Luiz Inacio Lula da Silva’s presidential election victory in Brazil has spurred renewed hope for the future of the world’s largest rainforest as the left-wing leader pledged to combat climate change and reverse some of his predecessor Jair Bolsonaro’s policies.
“Brazil is ready to resume its leading role in the fight against the climate crisis,” especially by protecting the Amazon, Lula said shortly after being declared the winner on Sunday evening.
“In our government, we were able to reduce deforestation in the Amazon by 80 percent. Now, let’s fight for zero deforestation,” Lula, who previously served as president from 2003 to 2010, wrote on Twitter.
Brazil’s president-elect campaigned on a promise to protect the Amazon, which is critical to the global fight against climate change and has seen years of increased destruction under Bolsonaro’s administration.
The far-right former army captain had pushed for more mining and other development projects in the Amazon, saying they would stimulate the economy.
But rights groups accused Bolsonaro of gutting Brazil’s environmental and Indigenous protection agencies, leading to an uptick in deforestation and violence across the sprawling Amazon region.
Greenpeace Brazil on Monday called on Lula to follow through on his campaign promises, including rebuilding the government agencies tasked with protecting the environment – a measure it called “urgent”.
Human Rights Watch also urged Lula to put human rights at the centre of his policies. It called on him to strengthen “law enforcement to fight the destruction of the Amazon and threats and attacks against forest defenders”.
Indigenous leaders for years have raised alarm over the threats their communities face in the South American nation, particularly in areas with little government oversight that farmers, miners and poachers are seeking to control and exploit.
Brazil is home to more than 800,000 Indigenous people from over 300 distinct groups, according to data from the last census in 2010 cited by the Articulation of Indigenous Peoples of Brazil rights group.
The Indigenous Missionary Council recorded 305 cases of “invasions, illegal exploitation of resources and damage to property” on Indigenous territories last year that affecteded 226 Indigenous lands in 22 Brazilian states. That was up from 109 such incidents in 2018, the year before Bolsonaro took office – a 180 percent increase.
Andrea Carvalho, a senior research assistant at Human Rights Watch in Brazil, told Al Jazeera in September that the escalation of attacks on Indigenous people and their lands “is driven by disastrous policies related to the protection of the environment and Indigenous rights”.

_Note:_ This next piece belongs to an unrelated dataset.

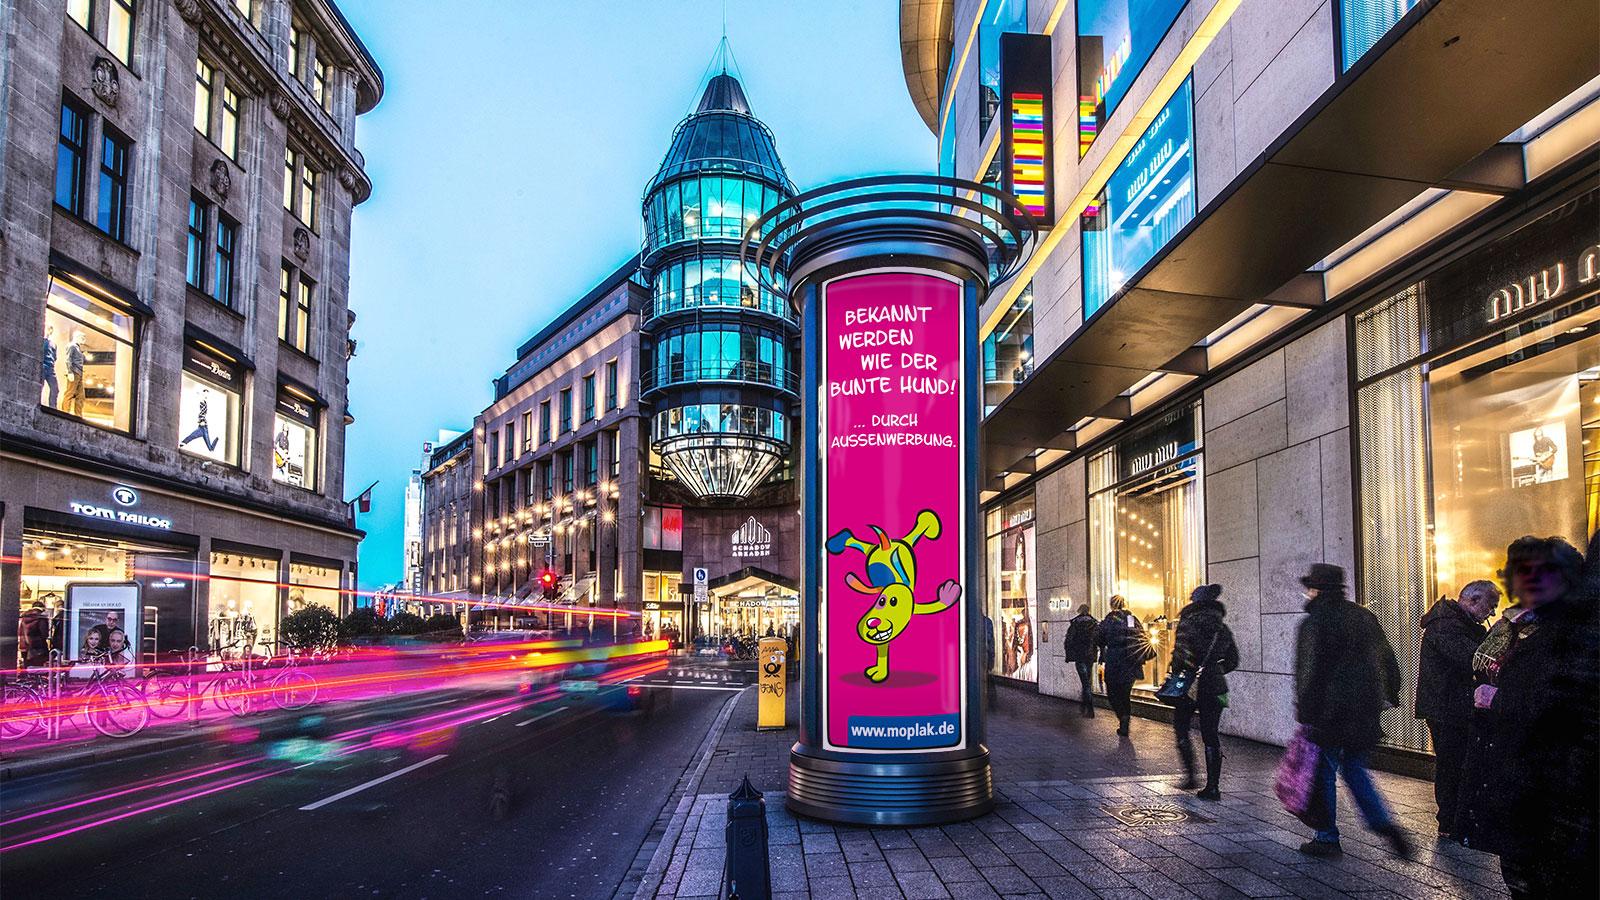 Magdeburg-Aussenwerbung-Litfasssaeule-Werbung

Carbon Brief, a UK-based climate website, said in a report last month that a Lula election victory could see deforestation drop by 89 percent in the Brazilian Amazon over the next decade and would prevent the destruction of 75,960sq km (29,328sq miles) of rainforest by 2030.
Still, Lula could face tough political opposition in areas where Amazon deforestation is happening, and he also must deal with the difficulty of policing such vast, often remote areas.
Bolsonaro was backed by major business interests, including loggers, miners and other groups exploiting Brazil’s natural resources.
“Agribusiness has been clearly adopting an anti-Lula stance,” Roberto Ramos, a social sciences professor at Roraima Federal University, told the Reuters news agency.
On Monday, truckers and other protesters blocked highways in several Brazilian states in an apparent protest against Bolsonaro’s election defeat.
Burning tyres, trucks and cars blocked several points in the west-central farm state of Mato Grosso, which largely supports Bolsonaro, a company that manages a highway in the state said.
Road blockages were also seen in at least five other states, including Rio de Janeiro and Sao Paulo, according to local media.
Oliver Stuenkel, a professor of international relations, told Al Jazeera that Lula – who won by a razor-thin margin of 50.9 percent support to Bolsonaro’s 49.1 percent on Sunday – will need to work hard on reconciliation given how polarised Brazil has become.
“Basically 50 percent of Brazilians are very afraid of his return to power. This is a very polarised country, it’s a frustrated country,” said Stuenkel, from the Fundacao Getulio Vargas in Sao Paulo. “I think it’s a volatile moment now, and Lula will have to choose his words very carefully.”